__WHAT TO WORK ON__:
Skipping all pictures, print exactly the lines below from the one with "AppleSkin adds much" through the final line.

__INFORMATION SUPPLIED__:

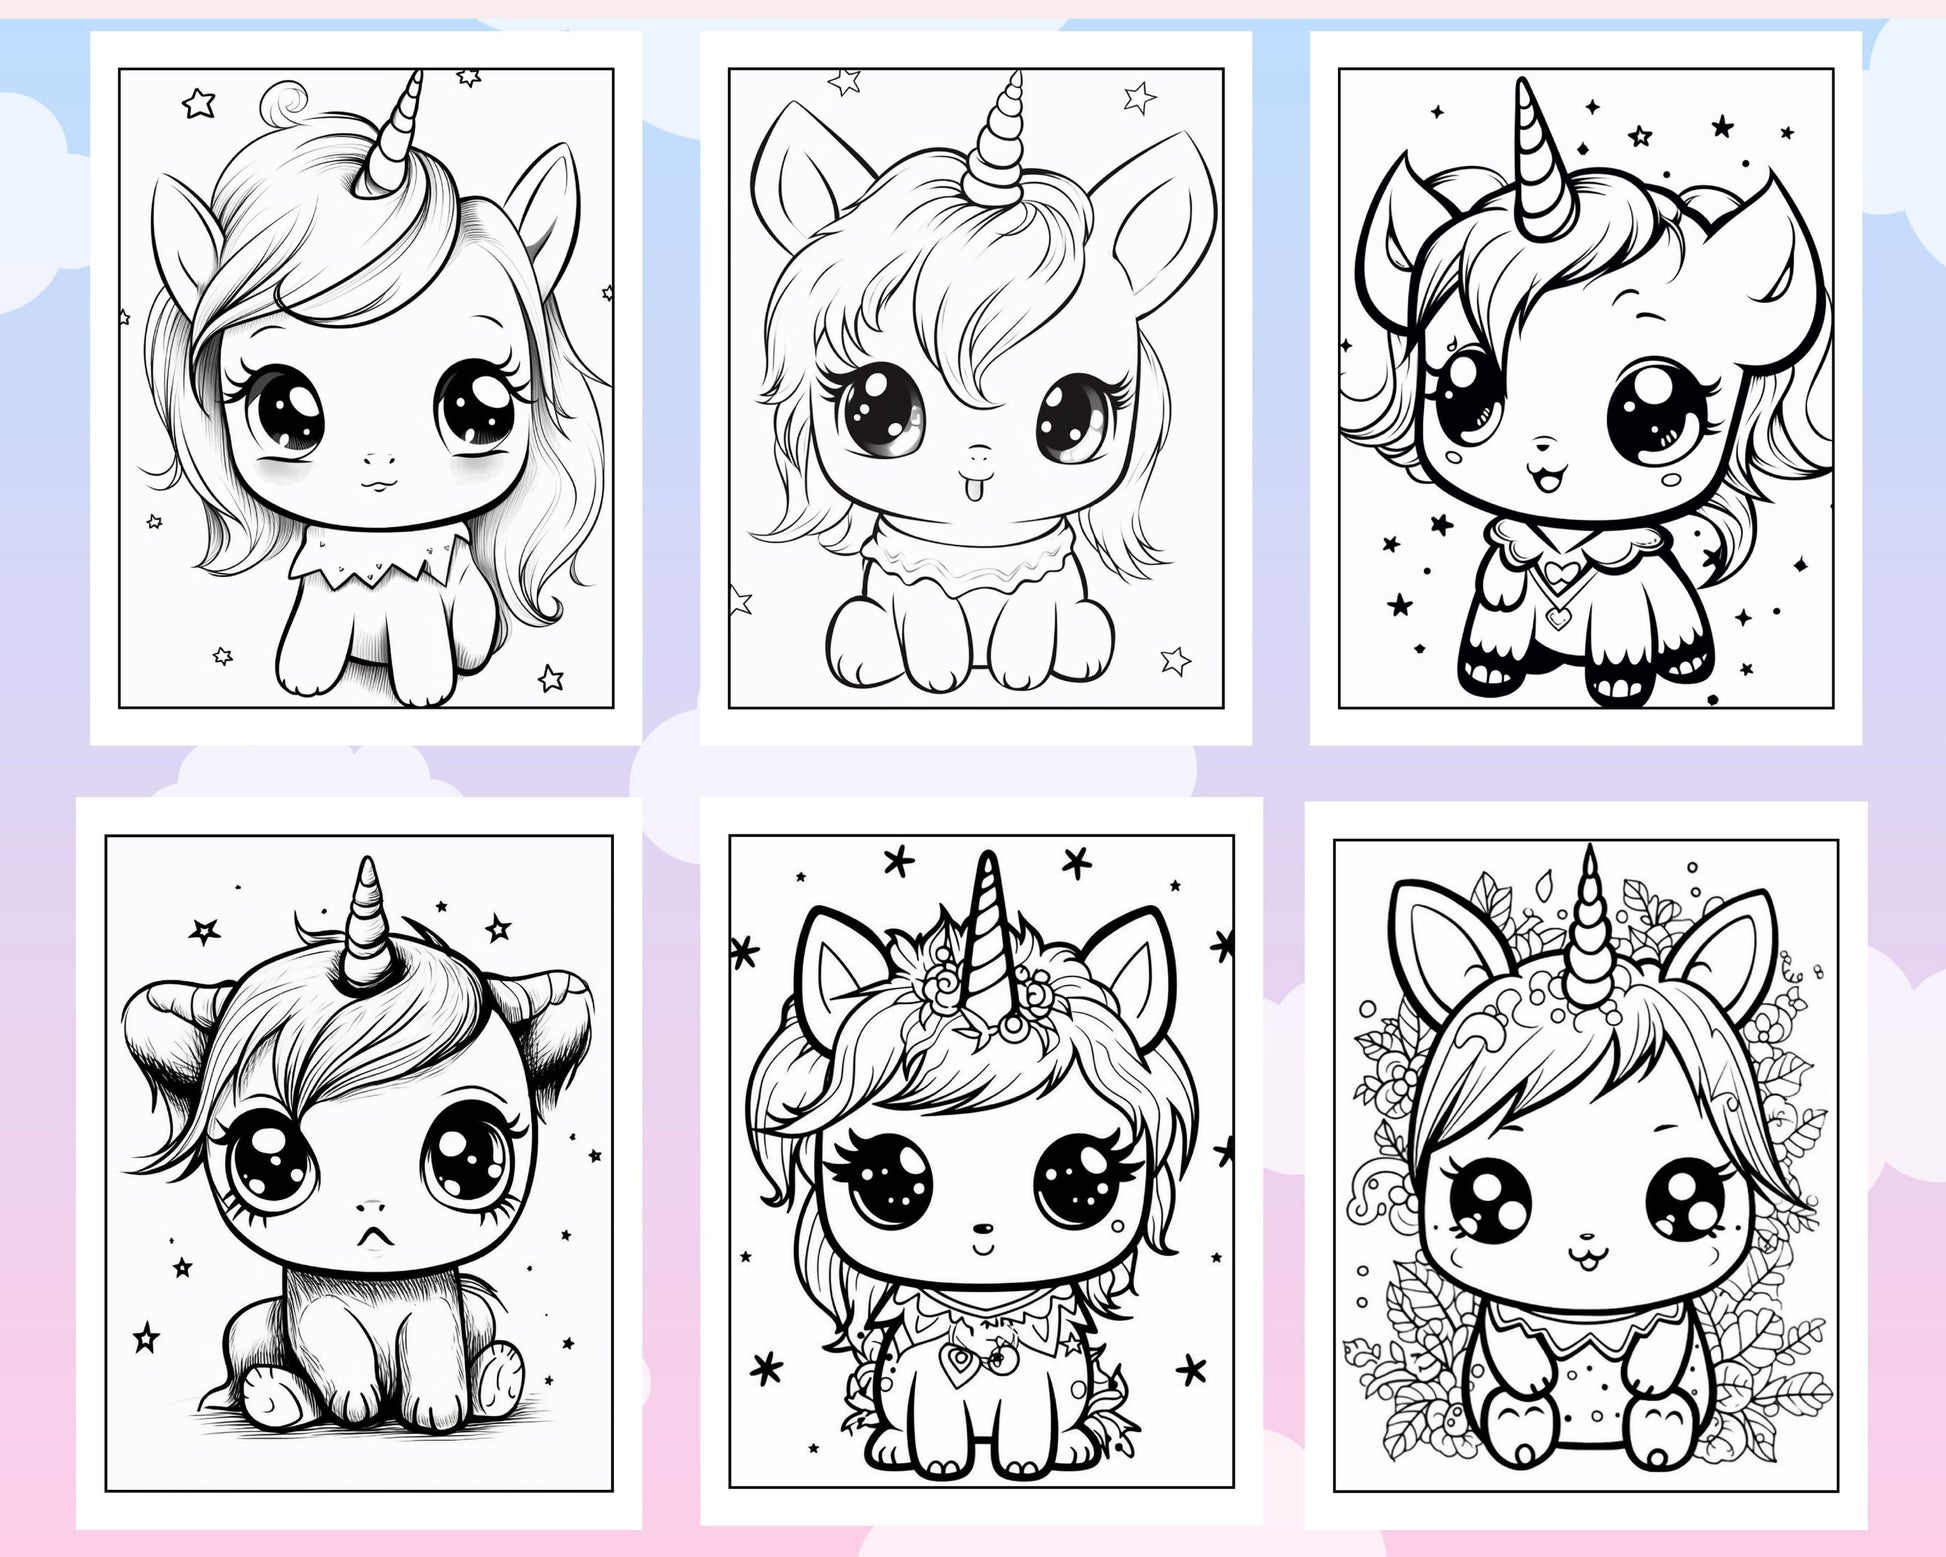 150 Adorable Kawaii Unicorn Printable Coloring Pages for Kids, Printable PDF File Instant Download - raspiee
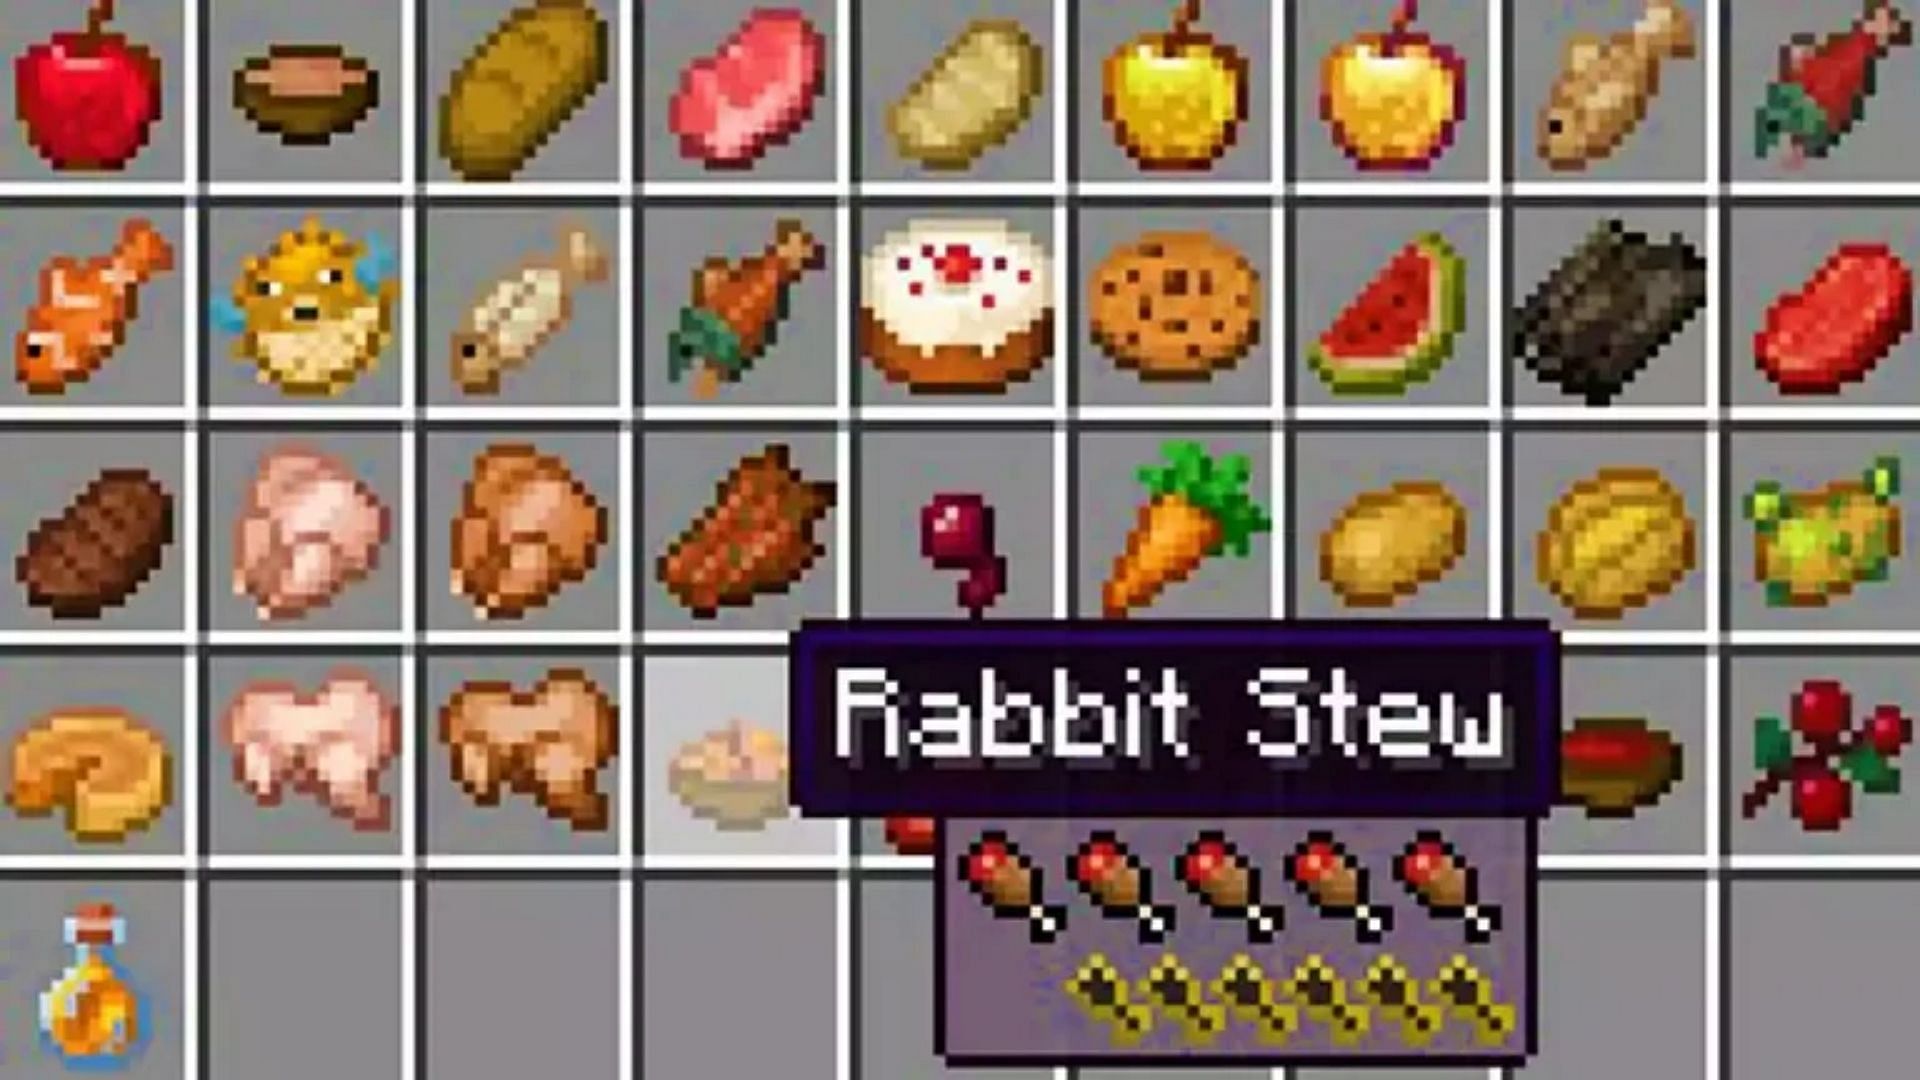 AppleSkin adds much more information about food items in Minecraft (Image via Mojang)
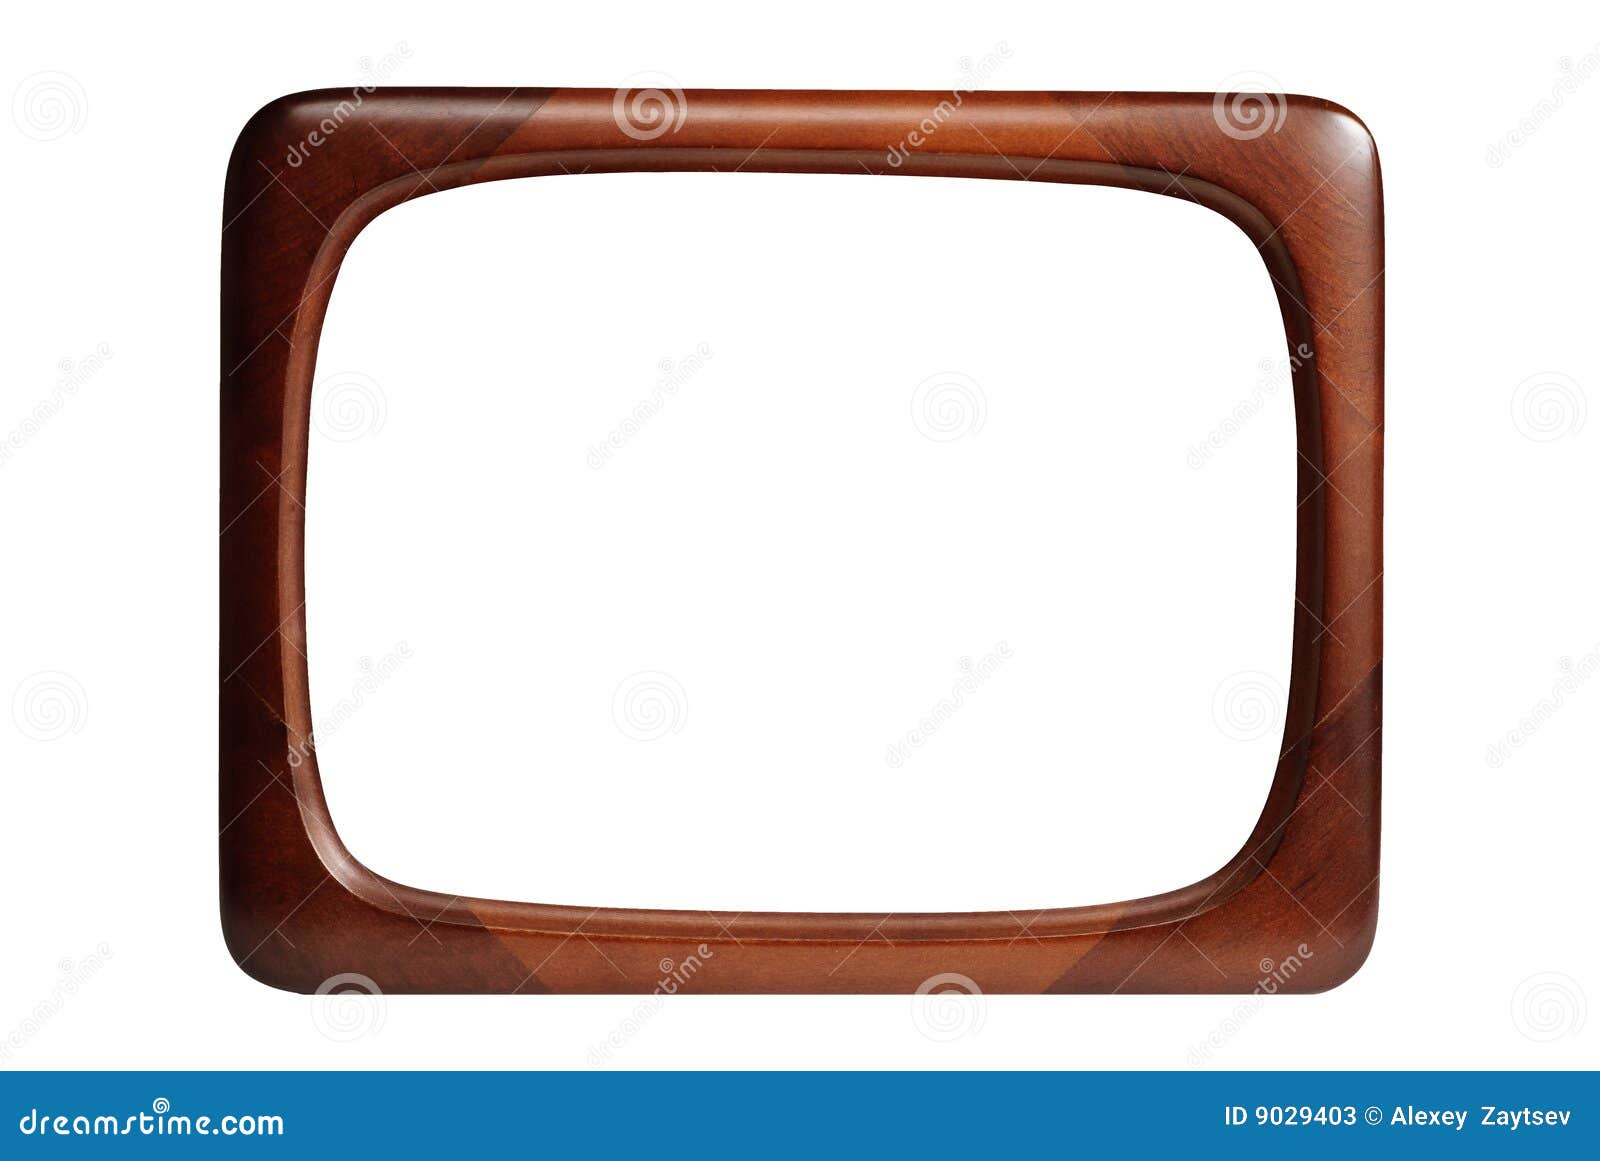 Old Fashioned Picture Frame Stock Photos - Image: 9029403

__ANSWER TO THE EXERCISE__:
 AppleSkin adds much more information about food items in Minecraft (Image via Mojang)
 Old Fashioned Picture Frame Stock Photos - Image: 9029403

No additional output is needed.